You heard the water dreaming in its large
kneed pipes, up from the weir. And the cordwood
our fathers cut for the furnace stood in walls
like the sleeper-stacks of a continental railway.

The cream arrived in lorried tides; its procession
crossed a platform of workers' stagecraft:
Come here
Friday-Legs! Or I'll feel your hernia
—
Overalled in milk's colour, men moved the heart of milk,
separated into thousands, along a roller track—
Trucks?
That one of mine, son, it pulls like a sixteen-year-old
—
to the tester who broached the can lids, causing fat tears,
who tasted, dipped and did his thin stoppered chemistry
on our labour, as the empties chattered downstage and fumed.

Under the high roof, black-crusted and stainless steels
were walled apart: black romped with leather belts
but paddlewheels sailed the silvery vats where muscles
of the one deep cream were exercised to a bullion
to be blocked in paper. And between waves of delivery
the men trod on water, hosing the rainbows of a shift.

It was damp April even at Christmas round every
margin of the factory.

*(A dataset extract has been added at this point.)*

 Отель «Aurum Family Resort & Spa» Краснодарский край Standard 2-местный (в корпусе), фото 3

Also it opened the mouth
to see tackles on glibbed gravel, and the mossed char louvres
of the ice-plant's timber tower streaming with
heavy rain all day, above the droughty paddocks
of the totem cows round whom our lives were dancing.

O Cheese

DONALD HALL

In the pantry the dear dense cheeses, Cheddars and harsh
Lancashires; Gorgonzola with its magnanimous manner;
the clipped speech of Roquefort; and a head of Stilton
that speaks in a sensuous riddling tongue like Druids.

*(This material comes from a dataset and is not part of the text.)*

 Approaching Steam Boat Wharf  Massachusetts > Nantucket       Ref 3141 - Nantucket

O cheeses of gravity, cheeses of wistfulness, cheeses
that weep continually because they know they will die.
O cheeses of victory, cheeses wise in defeat, cheeses
fat as a cushion, lolling in bed until noon.

Liederkranz ebullient, jumping like a small dog, noisy;
Pont l'Évêque intellectual, and quite well informed; Emmentaler
decent and loyal, a little deaf in the right ear;
and Brie the revealing experience, instantaneous and profound.